What the exercise asks:
First find the line with "Pearland's Cameron Reynolds, shown", then reproduce it and all following lines of the data to the end, exactly and with no pictures, adding nothing.

Given data:
· · · · · · ·

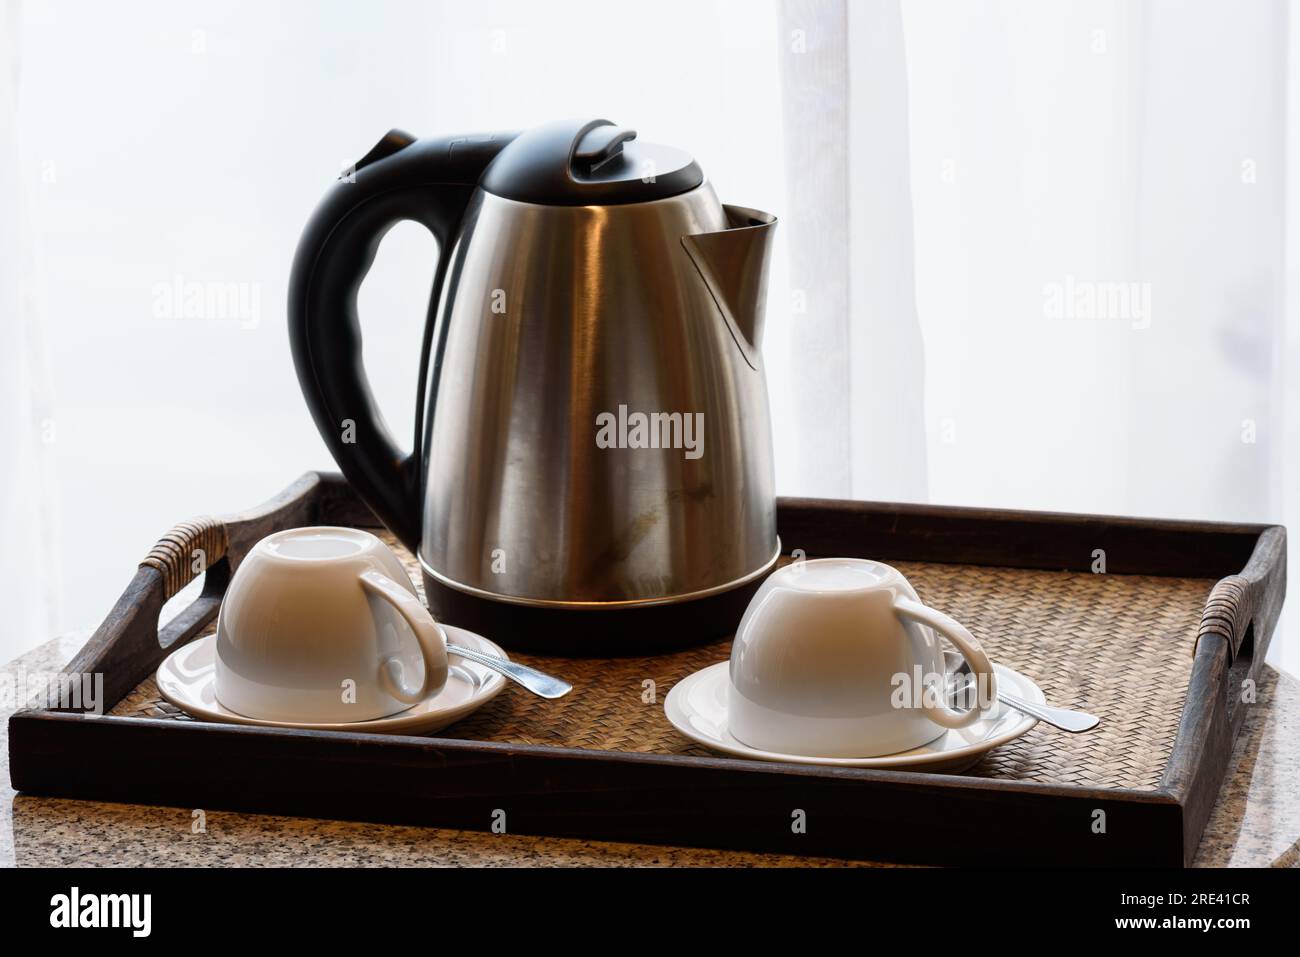 https://c8.alamy.com/comp/2RE41CR/electric-kettle-and-coffee-cup-set-in-hotel-room-ceramic-cup-set-2RE41CR.jpg
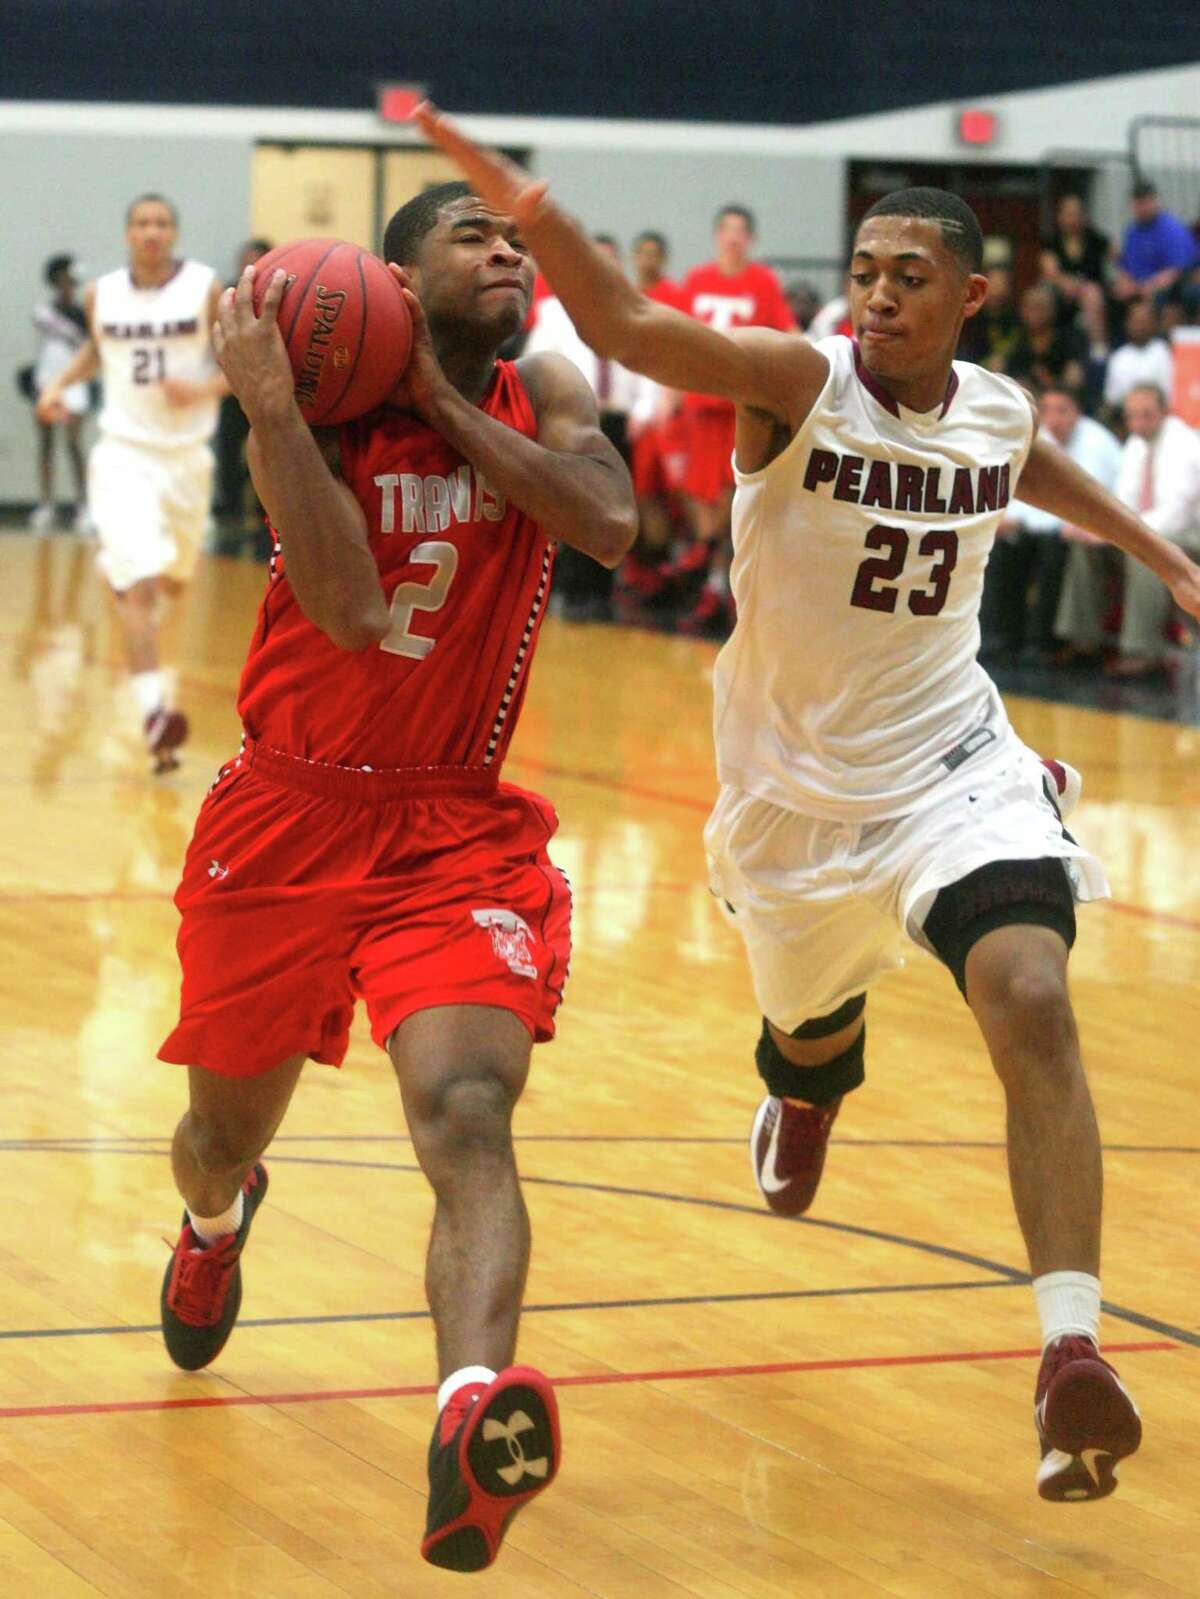 Pearland's Cameron Reynolds, shown in a high school playoff game against Fort Bend Travis, has signed a 10-day contract with the Minnesota Timberwolves.
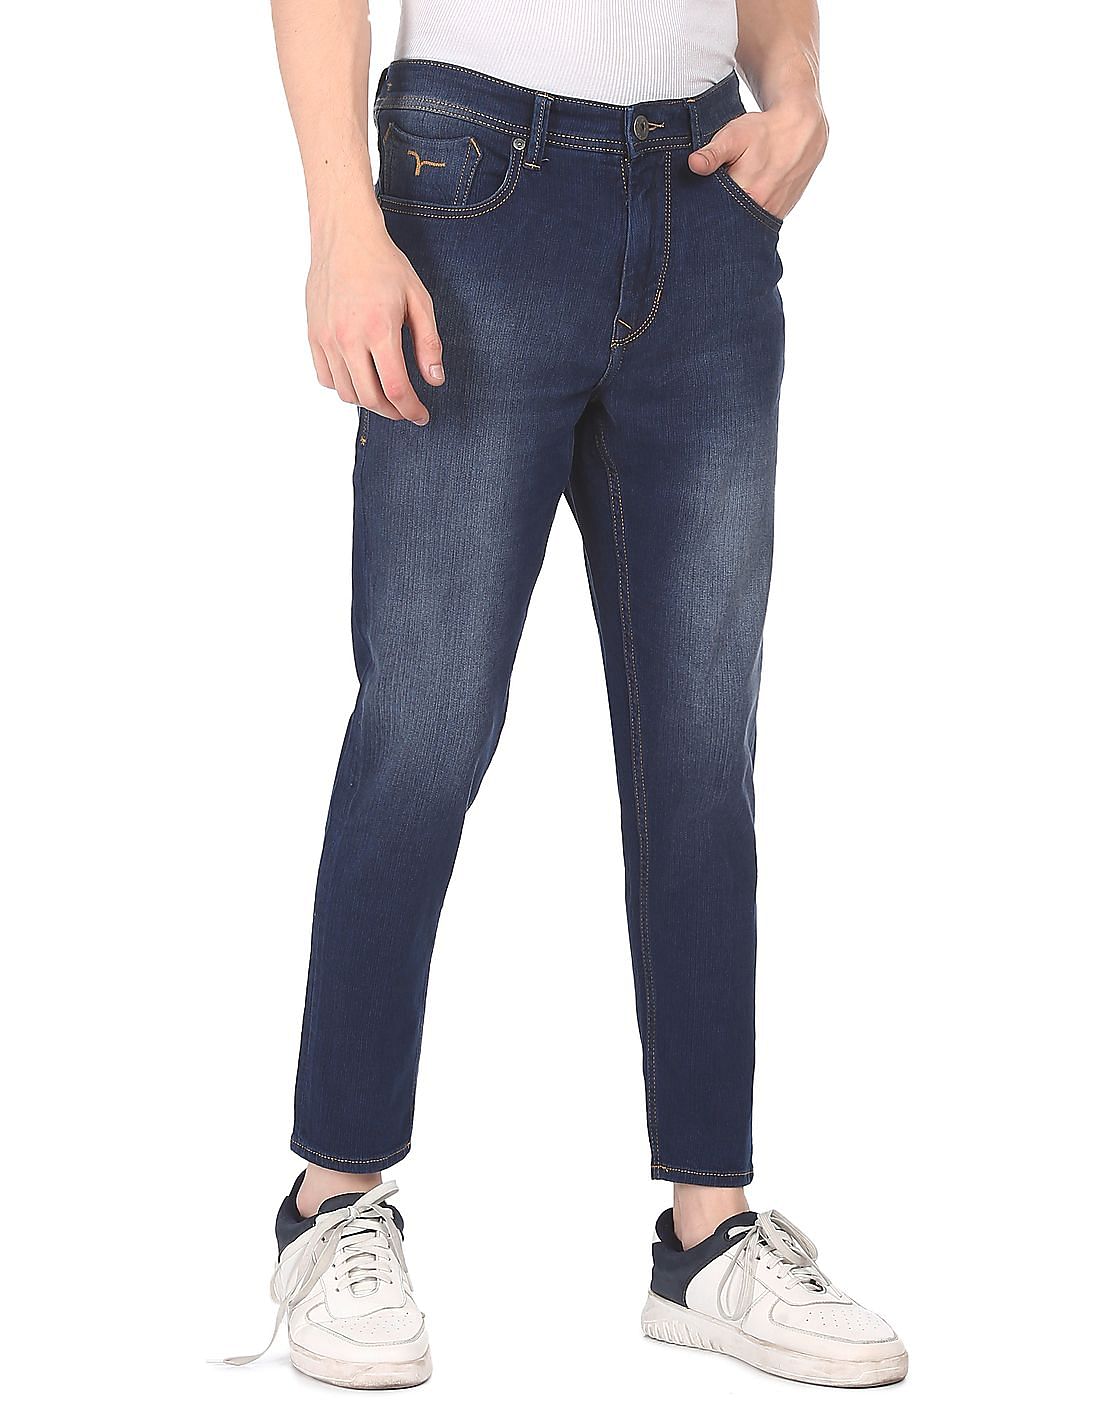 Buy Flying Machine Mankle Slim Fit Mid Rise Jeans - NNNOW.com
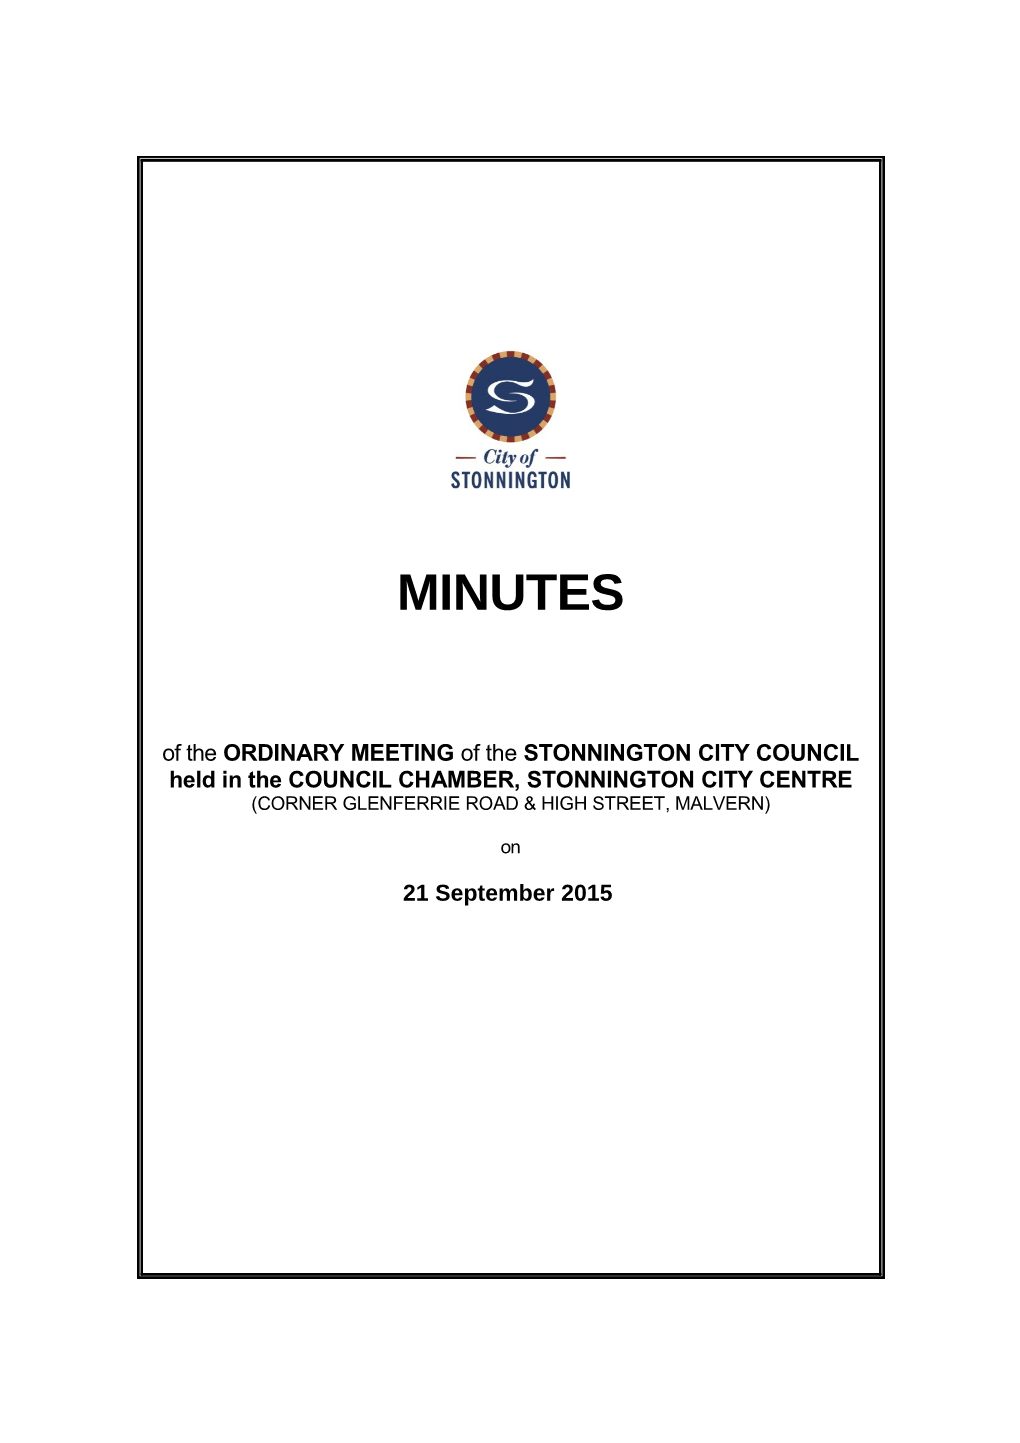 Minutes of Council Meeting - 21 September 2015

· · · · · · ·

Completed exercise:
 Pearland's Cameron Reynolds, shown in a high school playoff game against Fort Bend Travis, has signed a 10-day contract with the Minnesota Timberwolves.
 Buy Flying Machine Mankle Slim Fit Mid Rise Jeans - NNNOW.com
 Minutes of Council Meeting - 21 September 2015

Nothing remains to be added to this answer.